Global investment firm KKR is in advanced talks to purchase around 10 percent in Shriram General Insurance, a senior executive told Moneycontrol.
KKR could buy the stake for Rs 1,800 to Rs 2,000 crore as Shriram Capital, the holding company of the Chennai-based Shriram Group, presses ahead with a major revamp.
The stake dilution will happen before the insurance business is separated or demerged from Shriram Capital, said S Natarajan, a senior member of the Shriram Group. Ipso facto, the money would come into Shriram Capital.
Moneycontrol has reached out to KKR and the story will be updated when their response comes in.
The group is in the midst of simplifying its overall structure. Shriram Capital is set to spin off its insurance and other businesses into a separate company. Then it will merge its remaining financial vertical with an amalgamated entity of two of its listed entities–Shriram Transport Finance and Shriram City Union Finance.
As of now, the general insurance business is owned largely by Shriram Capital (formerly known as Shriram Financial Holdings Pvt. Ltd.) with 19,85,95,747 shares, representing 76.63 per cent of the paid-up capital of the company. Sanlam Emerging Markets (Mauritius) Limited holds 5,94,04,203 shares, representing 22.92 percent of the paid-up capital. Total public holding is 11,62,800 shares, representing 0.45 per cent of the paid-up capital, according to figures published in its latest annual report.
The stake sale to KKR will be from Shriram Capital’s kitty.
Shriram Capital itself has a diverse ownership. Shriram Ownership Trust (SOT), which will emerge as the holding company of the group’s financial services business, has a stake of 29.7%. TPG holds 9.4 percent; the Shriwell Trust holds 13.2 percent; Piramal holds 20% and Sanlam 26%.
The company’s annual report said that the general insurance industry is struggling to make profits.
“The non-life insurance industry has grown over 6% in 2020-21. The gross written premium of the industry for the year ended March 31, 2021 was around Rs. 198736.21 crore as against Rs. 186712.58 crore in the previous year. But the growth of GWP is not coming with underwriting profits for the industry. Stiff competition and high infrastructure cost are hurdles to generate underwriting profits,” read the annual report.
Shriram General Insurance’s gross written premium (GWP) was Rs.2,139 crore for FY21, a fall from Rs.2,455 crore in FY20. The profit after tax stood at Rs.592 crore for FY21, down from Rs.741 crore in FY20.
The stake dilution should also be seen in light of policymaking that is friendlier to foreign ownership.

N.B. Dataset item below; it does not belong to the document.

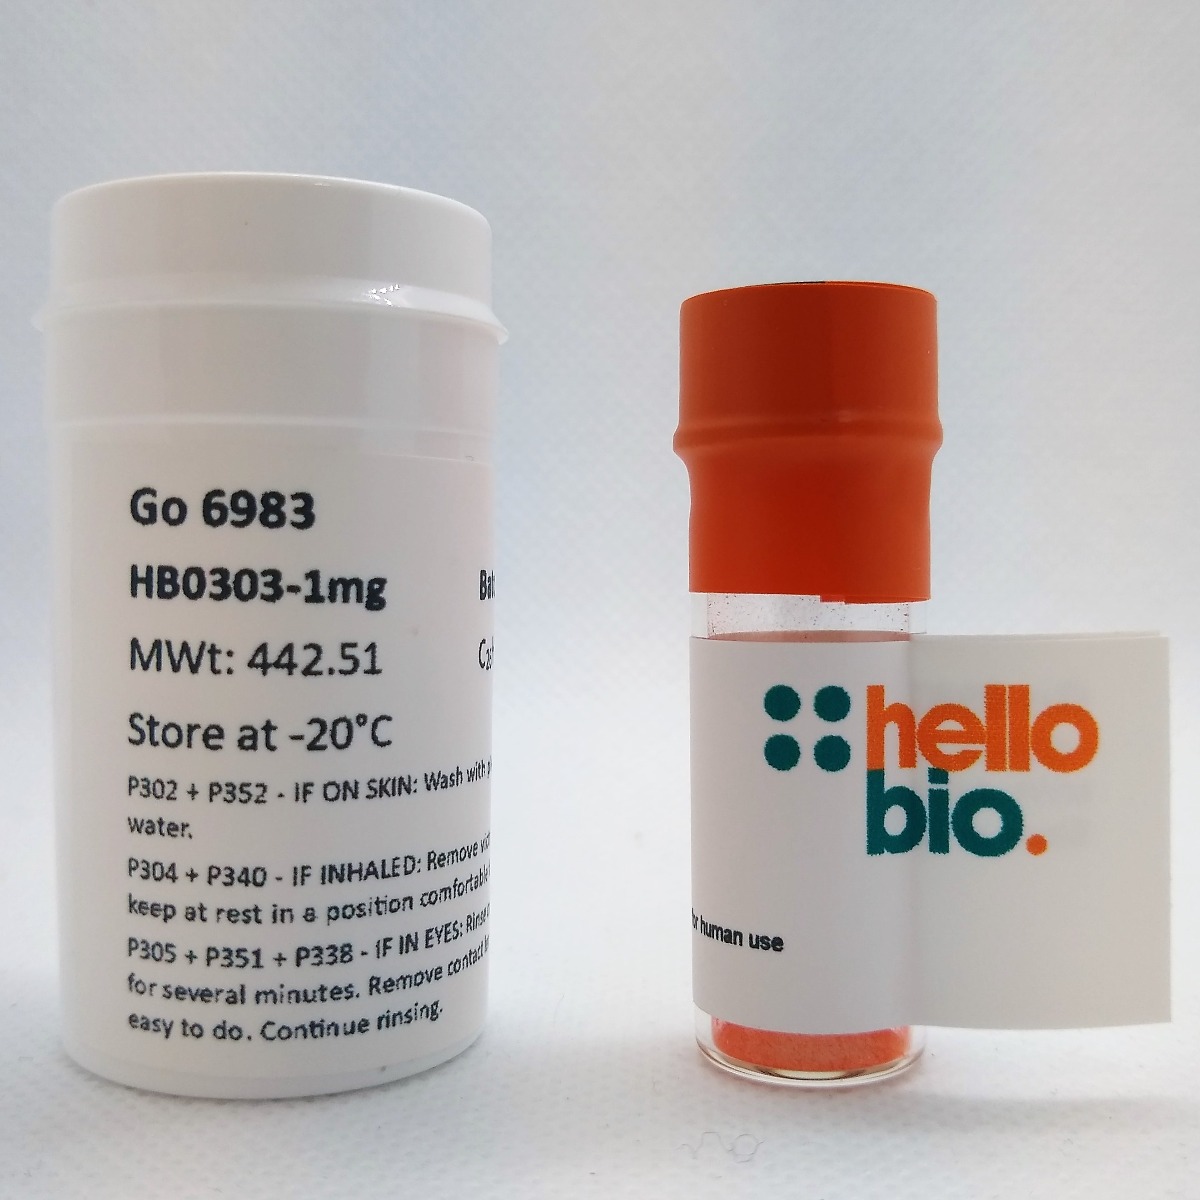 Go 6983 product vial image | Hello Bio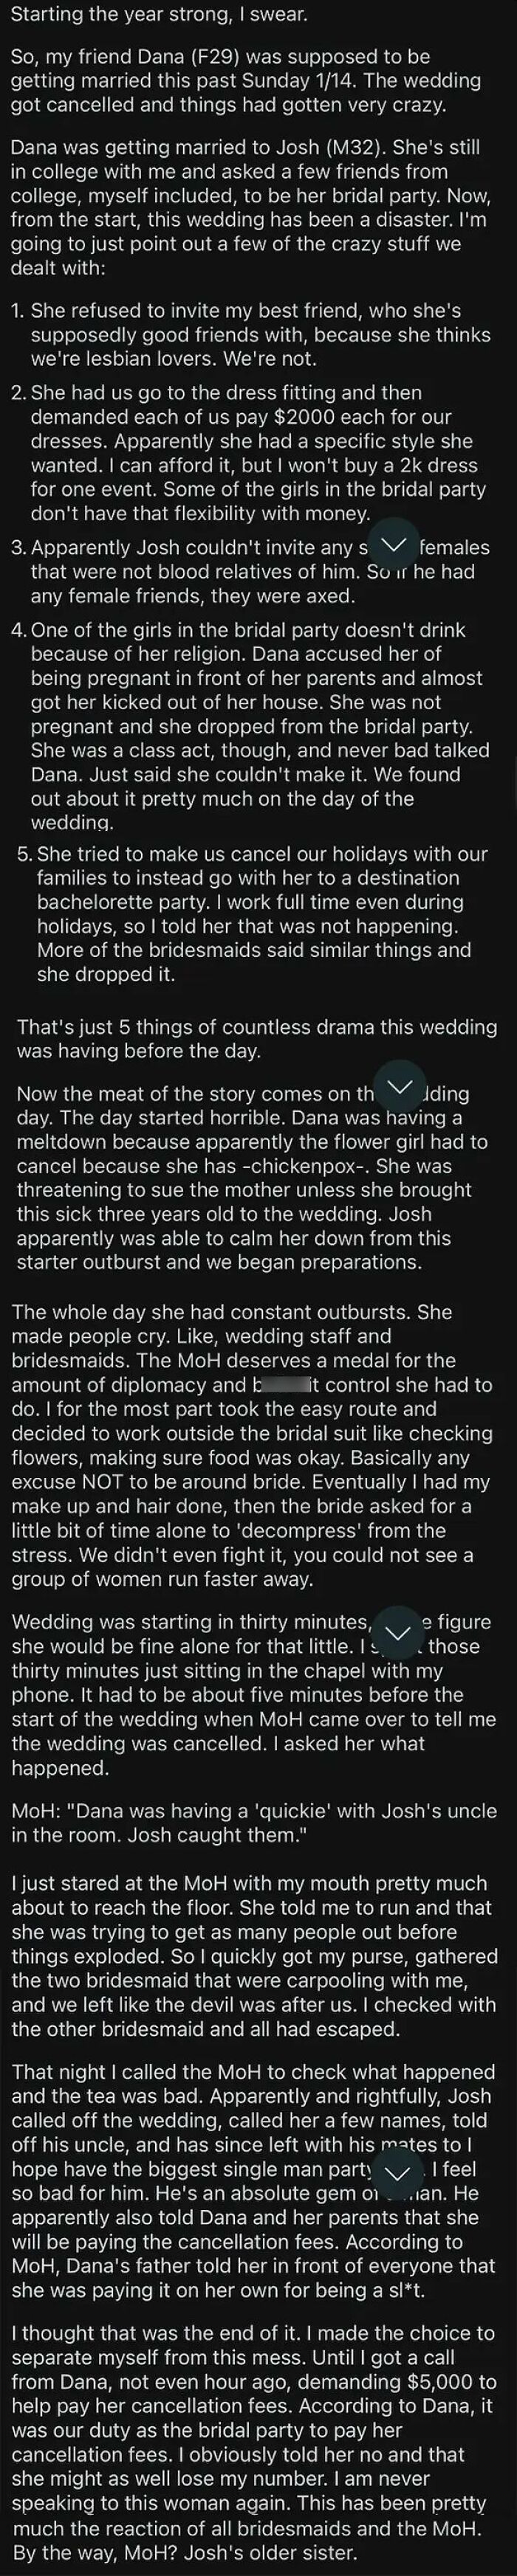 Bridezilla Ruins Her Own Wedding. Demands Bridal Party Pay Her Cancelled Wedding

In February this year, the Union Finance Minister Nirmala Sitharaman began enabling the increase in the foreign investment limit in insurance companies in India from 49% to 74%, and allowing foreign investors control in the running of Indian insurance companies.
The Indian government had begun opening the insurance sector to foreign players in 2000, by permittinga 26% FDI investment. In 2015, as the economy and the sector matured, the government increased the FDI limit to 49%. A year later, FDIs were allowed to raise their stake to 49% without government or central bank’s approval, through the Automatic Route. In 2021, Consolidated Foreign Direct Investment Policy of 2020 (FDI Policy) was amended to increase the FDI limit in the insurance sector to 74% and through the Automatic Route. The latest amendment meant the foreign investors could control the running of their joint ventures with Indian partners.
Most of the players in the insurance sector are joint ventures between overseas insurers and Indian partners. Until the FDI limit was raised to 74%, overseas partners had been hesitant to raise their shareholding to the earlier limit of 49%. Their reluctance was understandable, since the earlier limit did not give them operational or management control, which would remain with the Indian partners. Moreover, joint-venture agreements required foreign partners to acquire any increased stake from the Indian partners through purchasing shares.In such a scenario, the foreign investors were unable to infuse capital in the Indian insurance company, for example, for technological development or product innovation.